Pondering these, and other modern dilemmas, Bridget Jones stumbles through the challenges of single-motherhood, tweeting, texting and redisovering her sexuality in what SOME people rudely and outdatedly call ‘middle age’. Bridget Jones: Mad About the Boy is the long-awaited return of the much-loved character from Helen Fielding.

What’s inside it?

When we first met Bridget Jones, she was an anti-heroine; the slightly overweight calorie counter who was searching for Mr. Right amidst chain smoking, getting sloshed and ‘fannying about with press releases’, alongside plenty of embarassing and askward social moments. She was endearing because she was an imperfect lead character we could all relate to her in some way. When she bagged her man, women across the world reading the book and watching the film rejoiced as Bridget represented the fact that despite all her inadequacies, it was still possible to find a man who loved her, ‘just as she is’.

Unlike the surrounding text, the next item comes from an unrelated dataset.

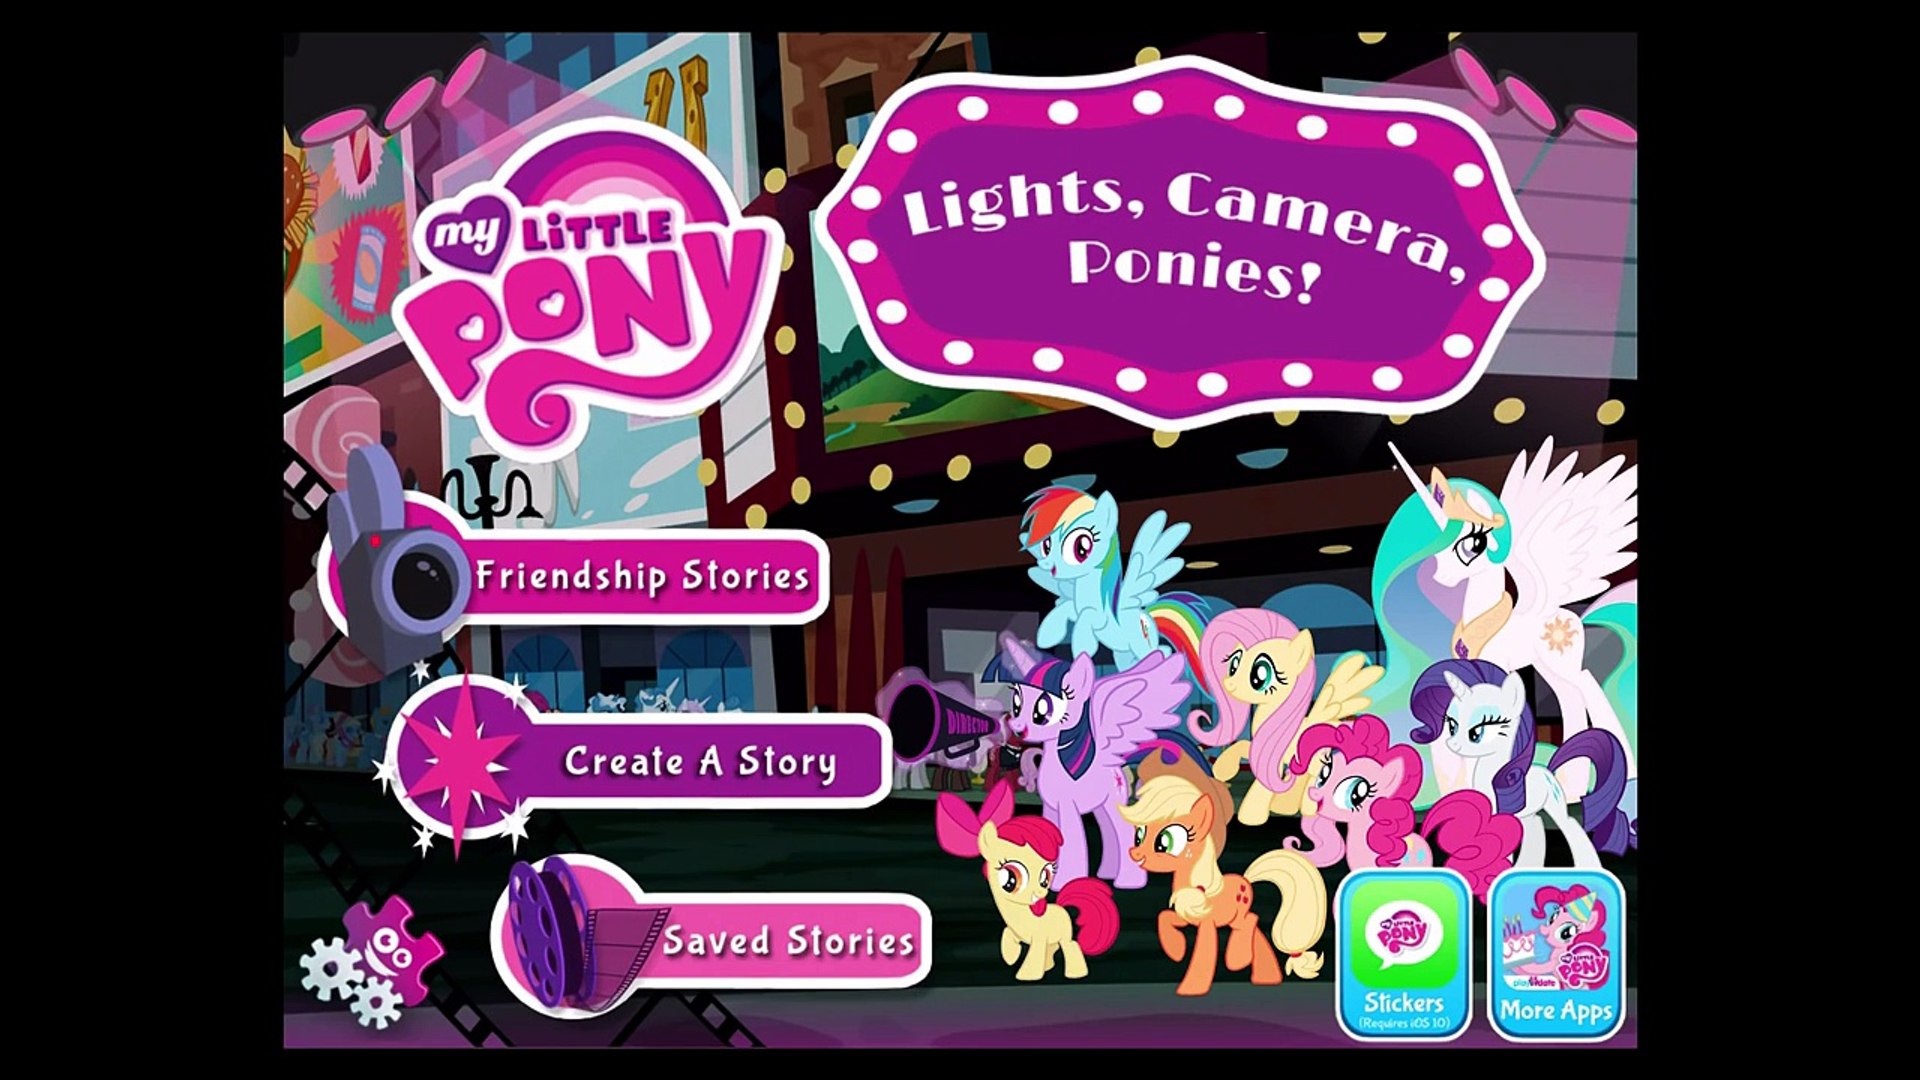 My Little Pony: Lights, Camera, Ponies! - iOS - Twilight Story

Unfortunately that fairytale ending has gone down in flames in this book which is a little too much like the real world for my liking. Without spoiling the details completely, Mr Darcy is no longer on the scene and Bridget is a struggling single mum of two young children. Now 51 years old, Bridget has to pick up the pieces and re-insert herself back into the world of dating while holding it together for the kids. She’s the same insecure, lovable, imperfect character, but we saw her go through so much drama and strife in the last two books, it all seems a bit too cruel that Mad About the Boy puts her through the worst time of all of them.

Read it if…

You’re a Bridget Jones fan and you think you can stomach a Bridget future without Mr Darcy.